## EXERCISE INPUTS
================
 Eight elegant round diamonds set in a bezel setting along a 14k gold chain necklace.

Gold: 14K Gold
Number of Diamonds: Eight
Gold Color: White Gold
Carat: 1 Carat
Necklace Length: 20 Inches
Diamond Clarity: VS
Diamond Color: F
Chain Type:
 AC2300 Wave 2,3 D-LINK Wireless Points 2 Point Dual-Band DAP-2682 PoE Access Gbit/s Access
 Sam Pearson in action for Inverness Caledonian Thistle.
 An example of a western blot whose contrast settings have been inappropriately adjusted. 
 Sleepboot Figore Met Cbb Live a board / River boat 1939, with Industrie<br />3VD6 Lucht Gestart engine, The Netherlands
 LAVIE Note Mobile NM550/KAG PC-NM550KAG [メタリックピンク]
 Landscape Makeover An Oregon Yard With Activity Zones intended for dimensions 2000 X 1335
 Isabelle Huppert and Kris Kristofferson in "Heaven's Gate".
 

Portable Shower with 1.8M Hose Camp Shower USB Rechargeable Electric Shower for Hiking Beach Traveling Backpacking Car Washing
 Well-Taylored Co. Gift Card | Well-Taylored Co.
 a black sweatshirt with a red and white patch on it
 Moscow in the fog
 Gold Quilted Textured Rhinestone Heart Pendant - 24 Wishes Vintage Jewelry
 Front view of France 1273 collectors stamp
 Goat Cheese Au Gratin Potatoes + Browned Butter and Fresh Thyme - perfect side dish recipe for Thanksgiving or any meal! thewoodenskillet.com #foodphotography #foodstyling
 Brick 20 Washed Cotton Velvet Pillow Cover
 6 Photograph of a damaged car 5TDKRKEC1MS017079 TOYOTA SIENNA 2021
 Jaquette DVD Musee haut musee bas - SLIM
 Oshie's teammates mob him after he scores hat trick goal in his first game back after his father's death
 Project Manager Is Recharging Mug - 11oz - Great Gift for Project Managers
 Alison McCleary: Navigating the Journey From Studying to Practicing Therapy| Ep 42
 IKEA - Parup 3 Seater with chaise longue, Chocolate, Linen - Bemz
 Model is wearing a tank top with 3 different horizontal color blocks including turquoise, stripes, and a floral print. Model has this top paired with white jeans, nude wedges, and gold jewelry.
================
## PROMPT
Set down exactly the lines from the start of the records to the line with "Front view of France 1273 collectors stamp". Include that line, and add nothing more.

## PROBLEM SOLUTION
 Eight elegant round diamonds set in a bezel setting along a 14k gold chain necklace.

Gold: 14K Gold
Number of Diamonds: Eight
Gold Color: White Gold
Carat: 1 Carat
Necklace Length: 20 Inches
Diamond Clarity: VS
Diamond Color: F
Chain Type:
 AC2300 Wave 2,3 D-LINK Wireless Points 2 Point Dual-Band DAP-2682 PoE Access Gbit/s Access
 Sam Pearson in action for Inverness Caledonian Thistle.
 An example of a western blot whose contrast settings have been inappropriately adjusted. 
 Sleepboot Figore Met Cbb Live a board / River boat 1939, with Industrie<br />3VD6 Lucht Gestart engine, The Netherlands
 LAVIE Note Mobile NM550/KAG PC-NM550KAG [メタリックピンク]
 Landscape Makeover An Oregon Yard With Activity Zones intended for dimensions 2000 X 1335
 Isabelle Huppert and Kris Kristofferson in "Heaven's Gate".
 

Portable Shower with 1.8M Hose Camp Shower USB Rechargeable Electric Shower for Hiking Beach Traveling Backpacking Car Washing
 Well-Taylored Co. Gift Card | Well-Taylored Co.
 a black sweatshirt with a red and white patch on it
 Moscow in the fog
 Gold Quilted Textured Rhinestone Heart Pendant - 24 Wishes Vintage Jewelry
 Front view of France 1273 collectors stamp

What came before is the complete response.